Boone brought up some issues with the locations of power poles on East Boundary.  “State statute requires that there are two feet from the curb to the back of the power poles.”

Several poles along East Boundary will have to be moved and he estimated the cost would be around $50,000 to move those poles and several others scattered throughout the paving project.

Board member Mitch Schlegelmilch asked about putting the power lines underground.  Boone planned to check on that as well.

Schlegelmilch added, “All the comments I have heard (about that project) is that it is a little too much.  I like to keep the water in there if we are having breaks or leaks.” 

Board Member Justin Harre stated, “I was under the impression that we were going to spend the same amount (as the current street bonds).”

Michl responded, “We are paying  $2.76 (levy) right now.  For what it is, it’s not a lot right now.  You had to know we were going to have more.”

Slaughter added, “The question is, what your comfort level is?

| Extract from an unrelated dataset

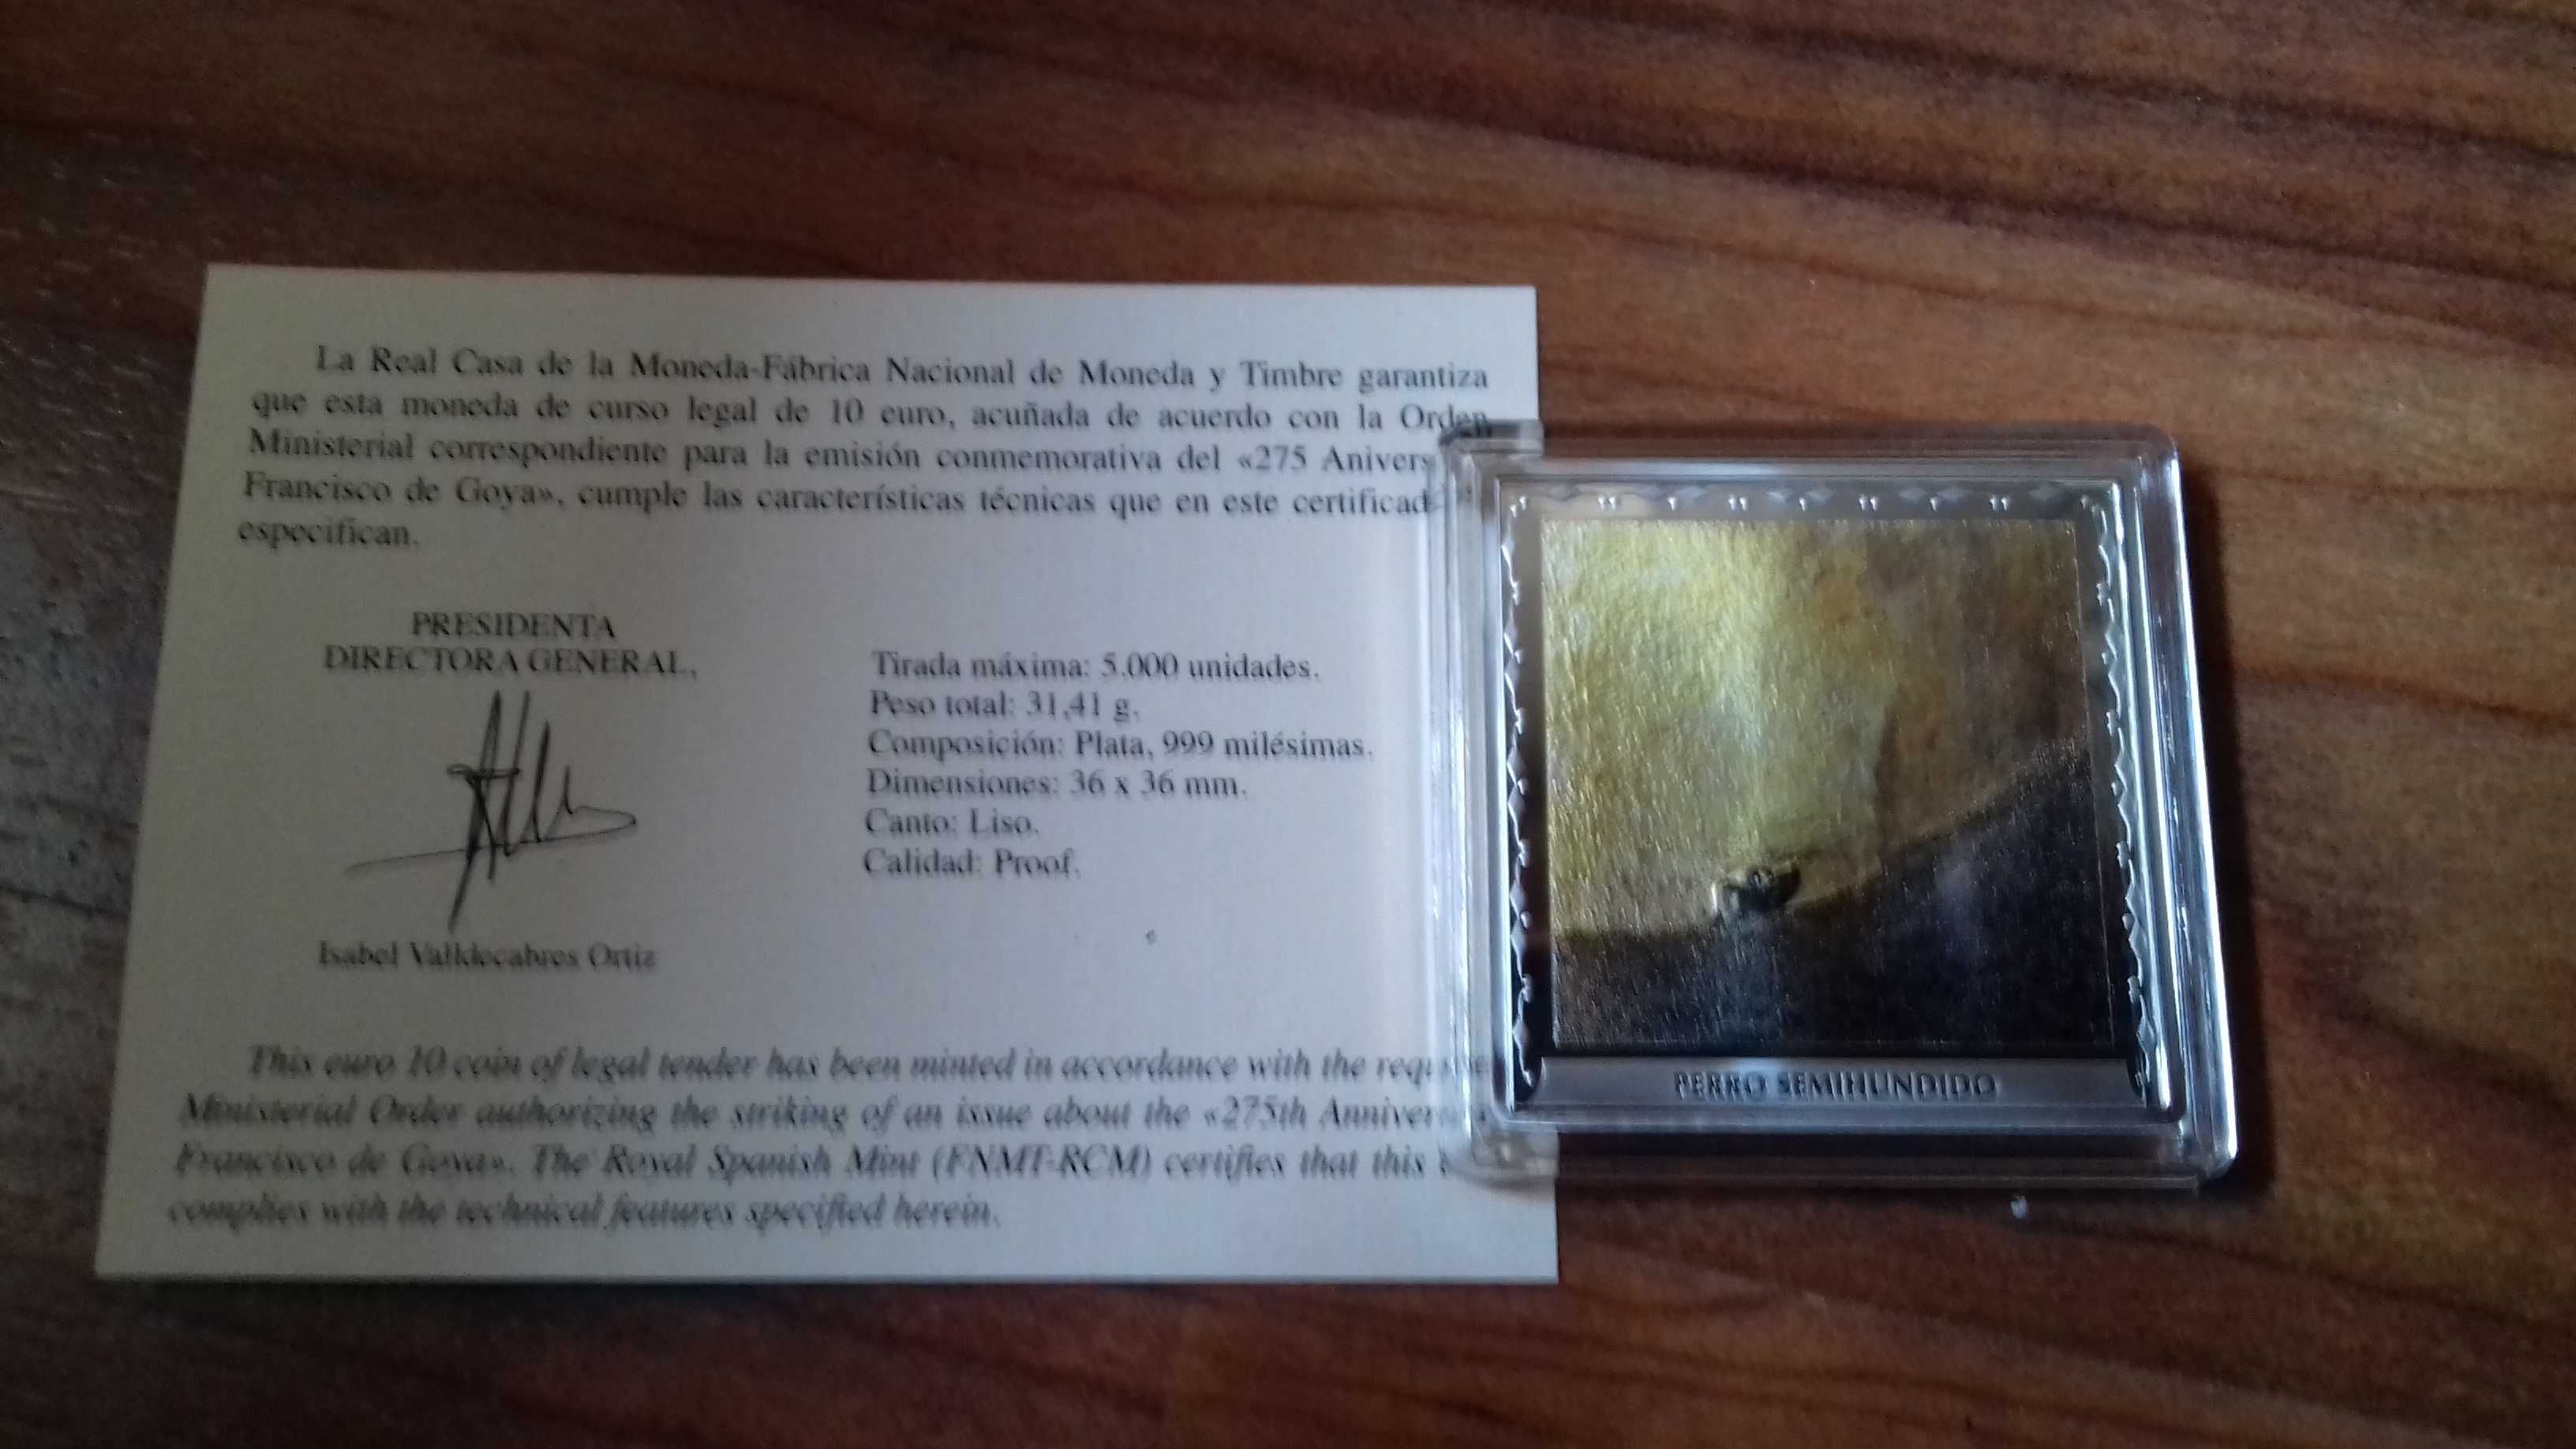 Moeda 10€ Espanha - Goya "Perro Semihundido" (5000 Exemplares)

The benefit is your valuation increases.”

Audience member John Graham asked when the paving would start.  The board responded that it would be after harvest.  After the board discussed not including Missouri Avenue in the paving project Graham wondered,  “what Missouri will look like after taking truck traffic for three months.”

The board continued to discuss different options to bring the cost down to the $2 million mark.  

Michl added, “Every time we have a paving project they ask why didn’t you do more.  Every time we put it off we have to pay more.  I’m just throwing it out there.”

“We talk about it and we are concerned about East Boundary and Missouri which needs to be done because of the truck traffic.  The one section of Union needs done no question about that,” explained Harre, “to me we need to do something different and not do the whole thing.”

The board moved on to pass Ordinance 590 issuing the street improvement bonds after waiving three readings of the ordinance.  The ordinance just gave the board the power to create the street improvement bonds in the future.

After a short discussion the board also passed Ordinance 591 which created the downtown improvement district.  

Next on the agenda the board passed Resolution17-02.  This set the date of the downtown improvement hearing on Wednesday, October 4 just prior to their next meeting.

Harre added, “We want to make sure people understand when the hearing is so they can come and give their opinion about these projects.”

Keno was the next topic of discussion.  Todd Zeilinger of Zeilinger Keno was present to let the board know that he, “Made a deal with the state to voluntarily downsize some of my locations that are too far away.”

He introduced Craig Blake who, according to Zeilinger, has done Keno for 25 years and uses the same equipment.  Blake would buy Zeilinger’s equipment and the community would see no change in service.

Board had received the new contract for Blake who also runs Keno in Waverly and Raymond.  The board agreed to the new contract with Blake.

In the maintenance report, John Mueller reported that there was a water issue that had to be fixed on Friday night.

In the clerk’s report Becky Erdkamp noted that sales tax for June was $8143.85 and Keno for July was $1211.55.  Erdkamp explained that sales tax to date is $84,799 well above the $77,000 payment.

Vice Chair Tim Wilbeck asked Erdkamp to put a notice on next month’s water bills that campers need to be removed off of the streets for snow removal.

The Board made a motion to go into executive session at 9:05 p.m. to discuss pay raises.  The board returned at 9:10 p.m. and approved a three percent raise for Mueller, Erdkamp, Librarian Jessica Votipka and Cemetery Sexton Sharon Cudaback.

Meeting was adjourned with the next meeting planned for October 4.